• Task directions:
Quote the listing below in full and exactly as written, but omit every picture.

• Dataset extract:

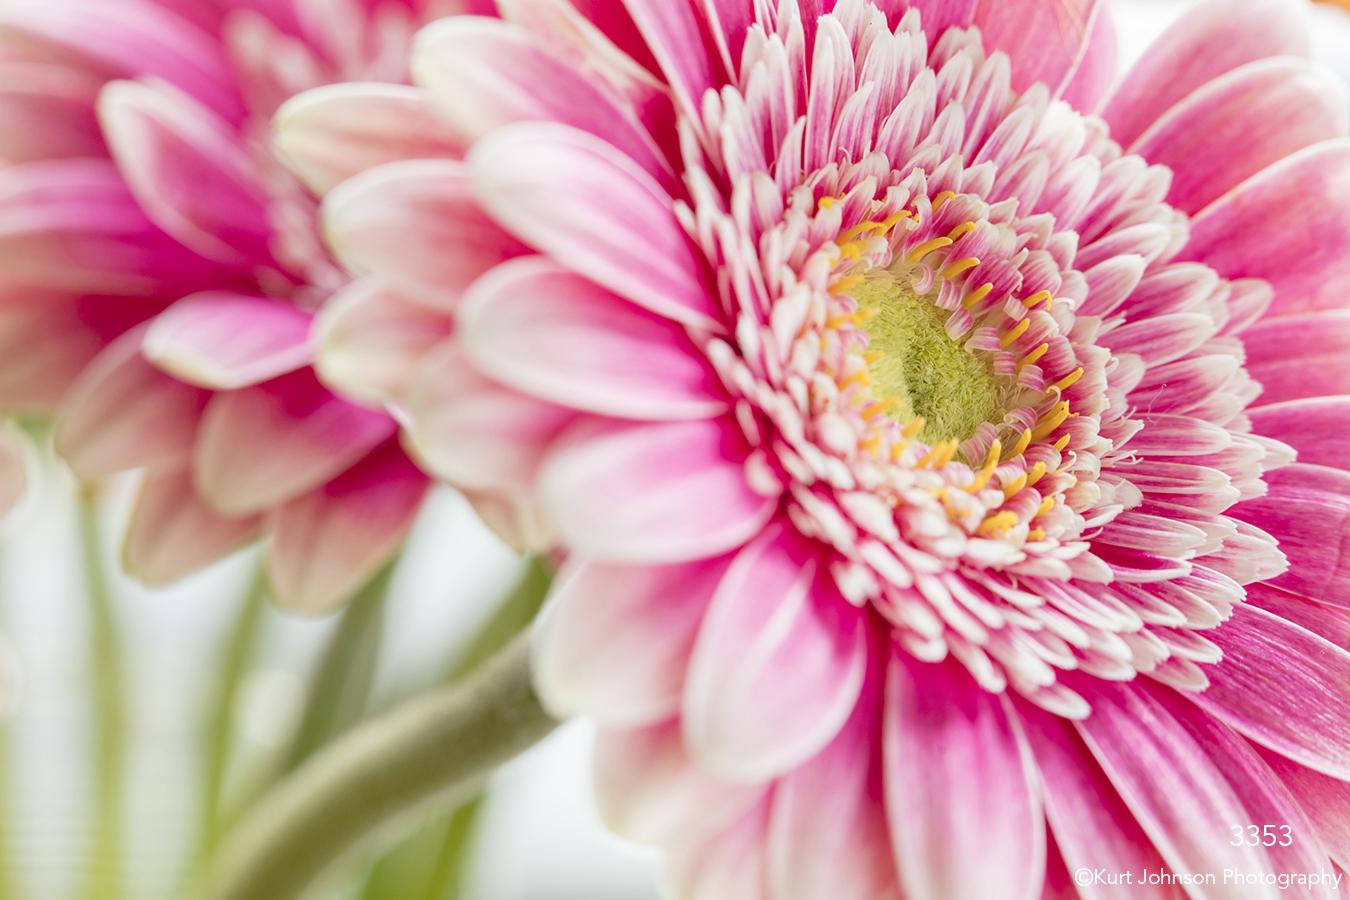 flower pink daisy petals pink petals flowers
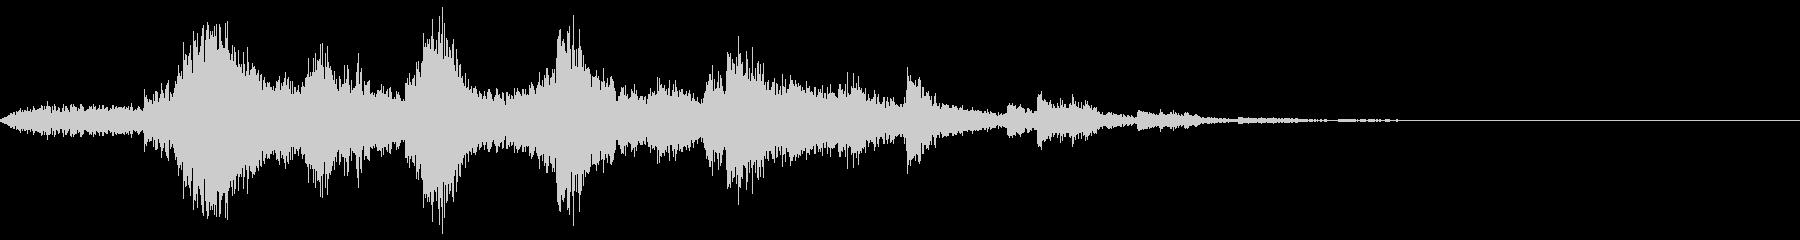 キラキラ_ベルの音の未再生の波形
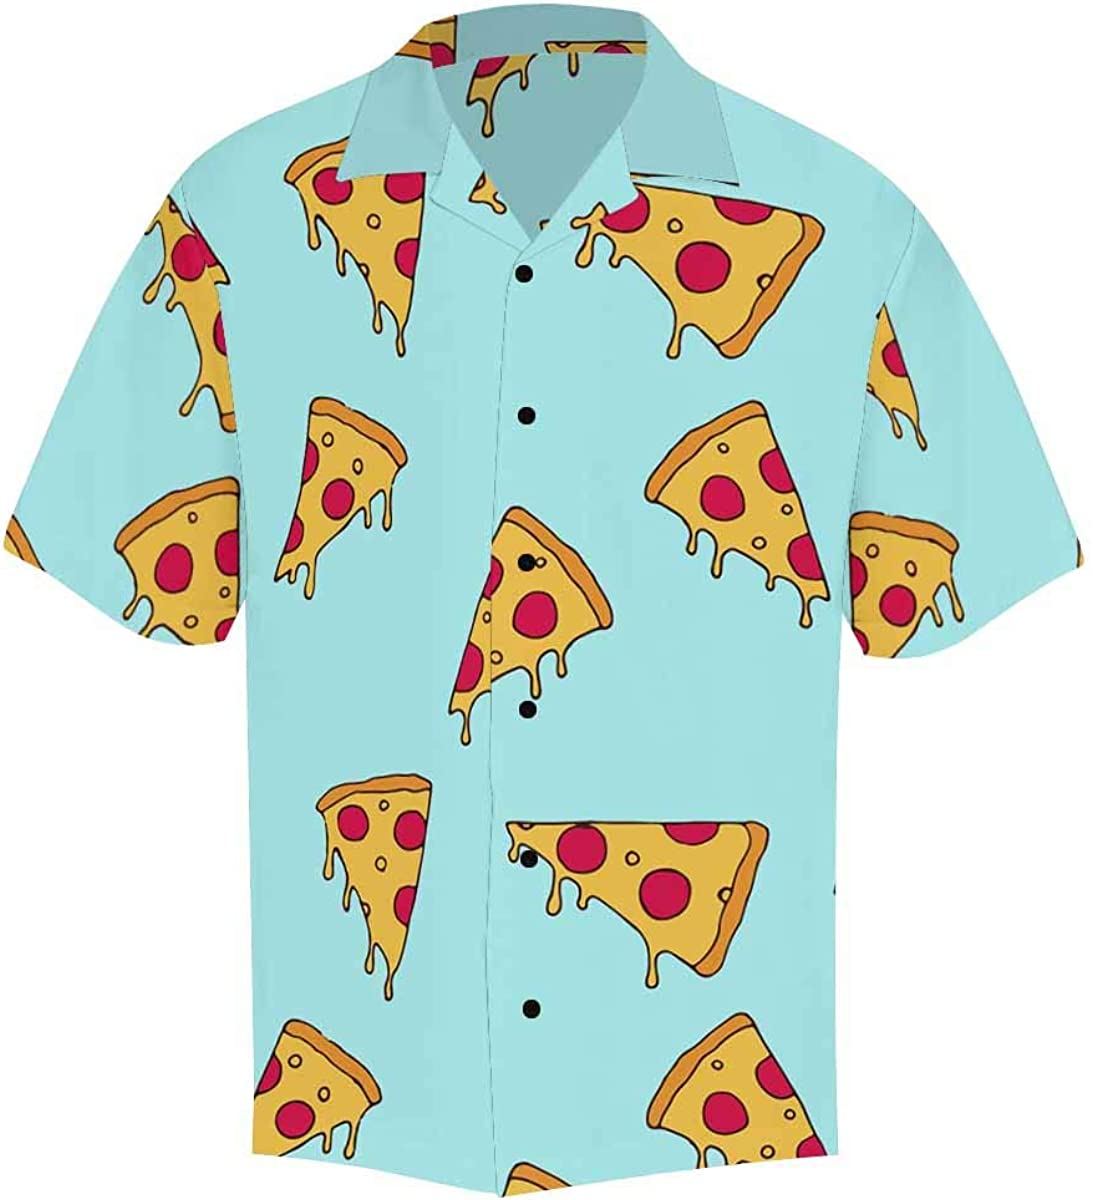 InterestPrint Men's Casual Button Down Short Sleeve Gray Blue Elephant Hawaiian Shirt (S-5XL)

• Solution to the problem:
 flower pink daisy petals pink petals flowers
 キラキラ_ベルの音の未再生の波形
 InterestPrint Men's Casual Button Down Short Sleeve Gray Blue Elephant Hawaiian Shirt (S-5XL)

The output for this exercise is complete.